Une entreprise est une unité économique, juridiquement autonome, organisée pour produire des
biens ou des services pour le marché. Le commerçant peut décider d’exploiter son entreprise
en tant que personne physique et développer l’activité en son propre nom. C’est le cas du
commerçant épicier ou du pharmacien. Dans cette hypothèse, il va engager le seul patrimoine
dont il dispose : son propre argent ou sa voiture personnelle.
Ainsi, le patrimoine du commerçant personne physique va regrouper des éléments d’actif et de
passif concernant sa vie personnelle mais également des éléments de sa vie professionnelle.
Par voie de conséquence, si le commerçant n’honore pas ses engagements et qu’il ne paye pas
ses dettes, l’actif de son patrimoine répondra de tout le passif. Cet actif qui inclut les éléments
de sa vie personnelle sera engagé à titre de garantie pour les créanciers.
Ainsi, par exemple, s’il ne parvient à payer ses fournisseurs ou à rembourser le crédit
contracté pour démarrer son activité, les créanciers pourront saisir les éléments d’actif de son
patrimoine, lesquels peuvent être des éléments personnels (maison familiale, voiture
personnelle, argent personnel etc…).
Pour limiter le risque lié à l’exploitation de son activité commerciale et protéger son patrimoine
personnel, le commerçant peut opter pour la création d’une personne morale, sous forme de
société. Dans ce cas, ce sera la société elle-même qui aura le statut de commerçante. L’activité
commerciale sera développée sous la dénomination de la société.
Cette société disposera d’un patrimoine qui lui sera propre et distinct de celui de l’entrepreneur
personne physique. Ce dernier pourra être associé ou actionnaire de la société qu’il aura créée
ou même gérant/dirigeant.
Par conséquent, les risques de l’activité commerciale seront supportés par la personne morale,
par la société elle-même, puisque c’est elle qui s’engage et c’est elle qui sera redevable des
dettes contractées auprès des tiers. En cas de faillite, les créanciers pourront saisir les éléments
d’actif du patrimoine de la société pour être désintéressés et payés.
Précision n°1.
Nous avons pu voir dans l’introduction qu’il existe différentes formes de sociétés (sociétés à
responsabilité limitée -SARL/SA- et sociétés à responsabilité illimitée -SNC/SCA-).
Dans certaines sociétés, comme la société en nom collectif (SNC) ou la société en commandite
par actions (SCA), la responsabilité des associés est illimitée. Les associés sont alors
indéfiniment et solidairement responsables des dettes sociales. Cela signifie que si le
patrimoine de la société ne suffit pas à payer les dettes contractées par la société, les
créanciers pourront se faire payer sur les patrimoines personnels des associés.
Néanmoins, cette responsabilité illimitée ne change rien au fait que les deux patrimoines ne
se confondent pas : celui de l’entrepreneur qui a crée la société et le patrimoine de la société
restent séparés et distincts l’un de l’autre.
I. Le registre du commerce
A. Définition
Le registre du commerce est un support de publicité qui a pour but de faire à toute personne qui
y a intérêt l’existence, les caractéristiques et le devenir des entreprises et sociétés commerciales.

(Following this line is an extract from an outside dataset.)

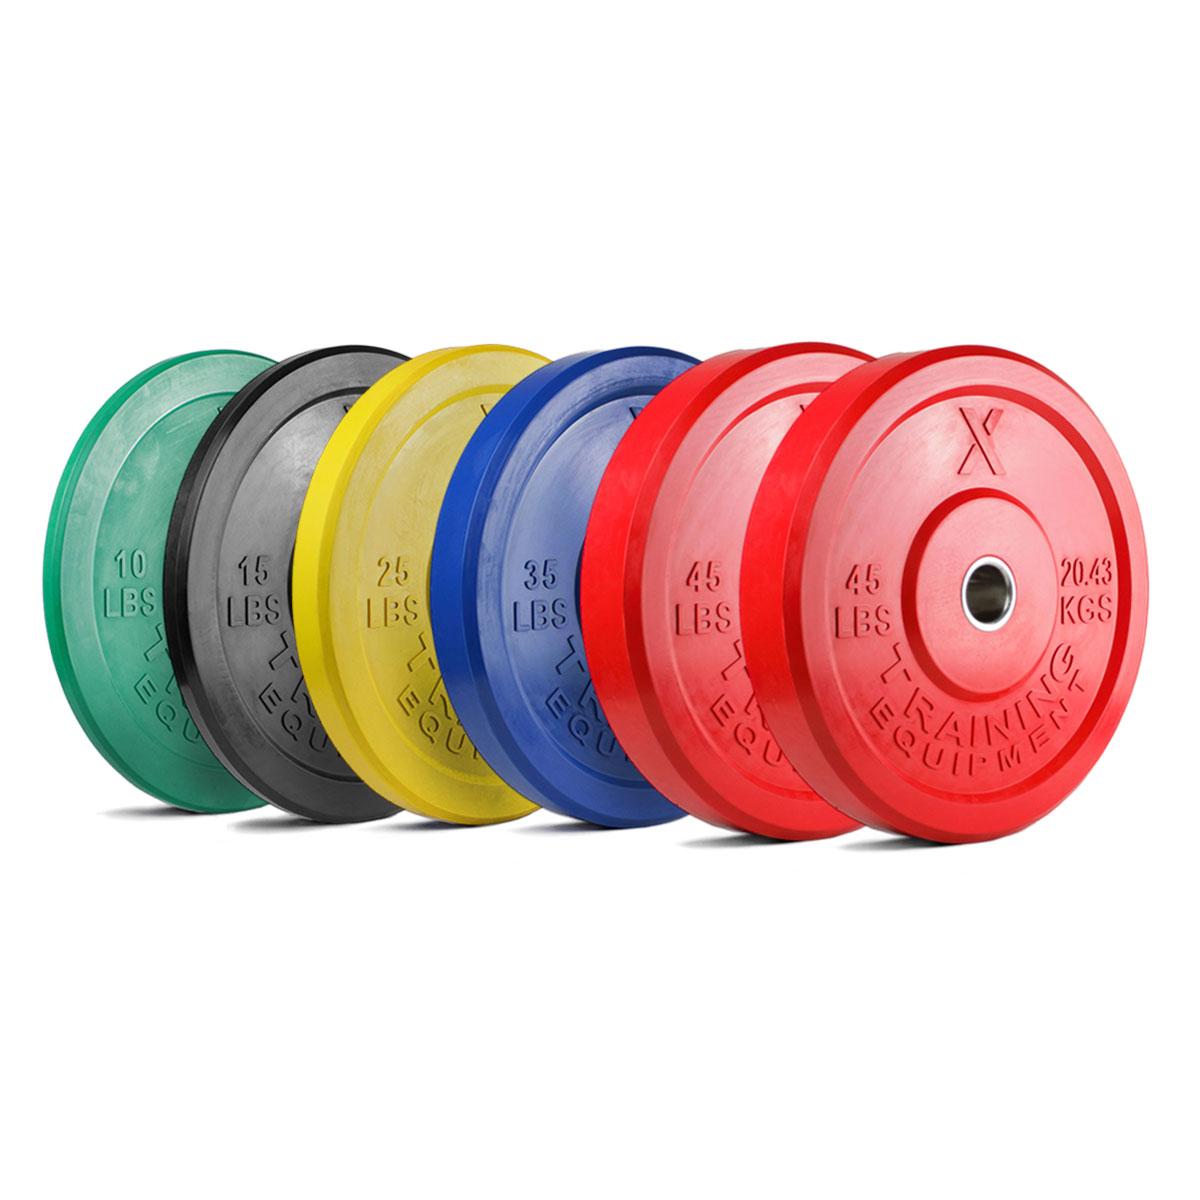 Premium Color Bumper Plates and Sets

Il fournit les renseignements sur le statut des commerçants, leur activité et l’identité de leurs
exploitants (gérants, dirigeants, propriétaire de fonds de commerce, gérant libre etc).
D’après l’article 27 du Code de commerce, le registre du commerce est composé d’un registre
central (2) et de plusieurs registres locaux (1).
1) Le registre local
Le registre local est tenu par le secrétariat-greffe du tribunal de commerce dans le ressort duquel
se situe le siège de la société ou l’établissement principal du commerçant. Lorsqu’il n’y a pas
de tribunal de commerce dans ce ressort géographique, le registre local est tenu par le secrétariat
greffe du tribunal compétent.
L’article 30 du Code de commerce dispose que toute inscription au registre du commerce d’un
nom de commerçant ou d’une dénomination commerciale doit être demandée par voie
électronique à travers la fenêtre dédiée dans la plateforme électronique de création et
d’accompagnement d’entreprises au secrétariat-greffe du tribunal du lieu de situation de
l’établissement principal du commerçant ou du siège de la société créée.
Ce registre est placé sous la surveillance du président du tribunal ou d’un juge désigné par le
président du tribunal chaque année à cet effet.
Toute personne peut se faire délivrer une copie ou un extrait certifié conforme des inscriptions
qui sont portées au registre du commerce ou un certificat de radiation d’une société du registre
du commerce.
2) Le registre central
Le registre central est tenu par le ministère chargé de l’industrie et du commerce à l’Office
Marocain de la Propriété Industrielle et Commerciale (OMPIC). Le registre central est public
et ouvert à la consultation.
Il est subdivisé en deux sous registres : l’un pour les personnes physiques, l’autre pour les
personnes morales. De même, chaque registre est divisé en autant de volumes qu’il y a de
tribunaux.
Pour ce faire, chaque secrétaire-greffier des tribunaux compétents transmet au registre central
un exemplaire des déclarations qu’il a enregistrés au cours du mois précédent, aux fins
d’immatriculation, de modification ou de radiation.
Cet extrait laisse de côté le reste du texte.